Since the release of ChatGPT in Fall 2022 the AI landscape has been dominated by the rapid advancements in LLMs. Many models have been released since. However, despite the general hype surrounding mostly the Transformer technology, they have not lived up to the almost instantaneous promises of how we would soon be approaching Artificial General Intelligence (AGI). Instead, so far they all converge below what seems to be a capability ceiling and we’ve encountered persistent and significant limitations that reveal some fundamental weaknesses of current LLMs.
Inspired by a talk given by François Chollet at the AGI Conference in Seattle just a few days ago I wanted to draw your attention to some of the very good arguments he presents, why we are not in fact anywhere near to breaking through to AGI. This is a very dense and complex topic, so I have opted for a spreading this across a series of posts, rather than one super long post.
A. Issues to Date
The core issue with LLMs is rooted in their autoregressive nature.
Nota bene: Auto-regression refers to the process by which LLMs generate text one word (more accurately: token) at a time, predicting each subsequent word based on the preceding sequence of words. This means the model uses the previously generated words as input and context to predict the next word in the sentence.
Let’s be clear: this allows for truly impressive language generation capabilities, but it also leads to critical shortcomings. One major problem is that LLMs and vision models like Dall-E and Sora tend to produce answers that are statistically likely rather than factually accurate or logically coherent. For text this results in errors when models encounter slightly altered versions of known problems, in images we find unrealistic renderings and typically trouble with depicting language and in videos you regularly witness strange discontinuity of objects or people, that are morphing between frames.

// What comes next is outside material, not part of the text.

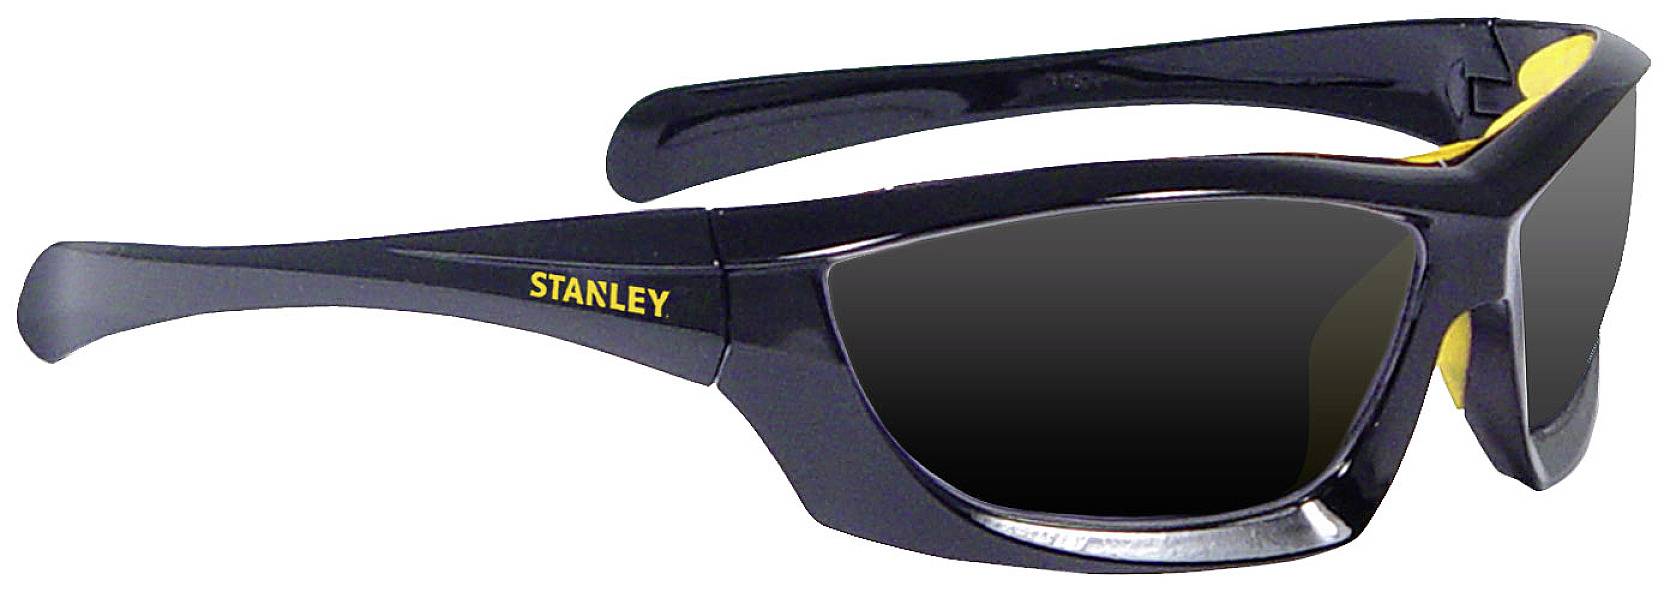 BLACK+DECKER Stanley by Black & Decker Stanley Full Frame Smoke Safety Glasses SY180-2D EU

LLMs can appear intelligent when they encounter problems that match templates they’ve seen during training, but they have been known to fail at basic reasoning tasks because they rely on pattern recognition rather than true comprehension. If an LLM encounters a common trick question or logical puzzles like an amended version of the Monty Hall problem, which describes a gameshow scenario and the surprising probabilities in switching one’s choice once the first door is opened. LLMs tend to regurgitate memorized solutions often in bizarre violation of even the most basic reasoning and thereby indicating no genuine understanding the underlying logic. An ever-green is the ‘River Crossing Puzzle’:
From: Gary Marcus’ X-feed.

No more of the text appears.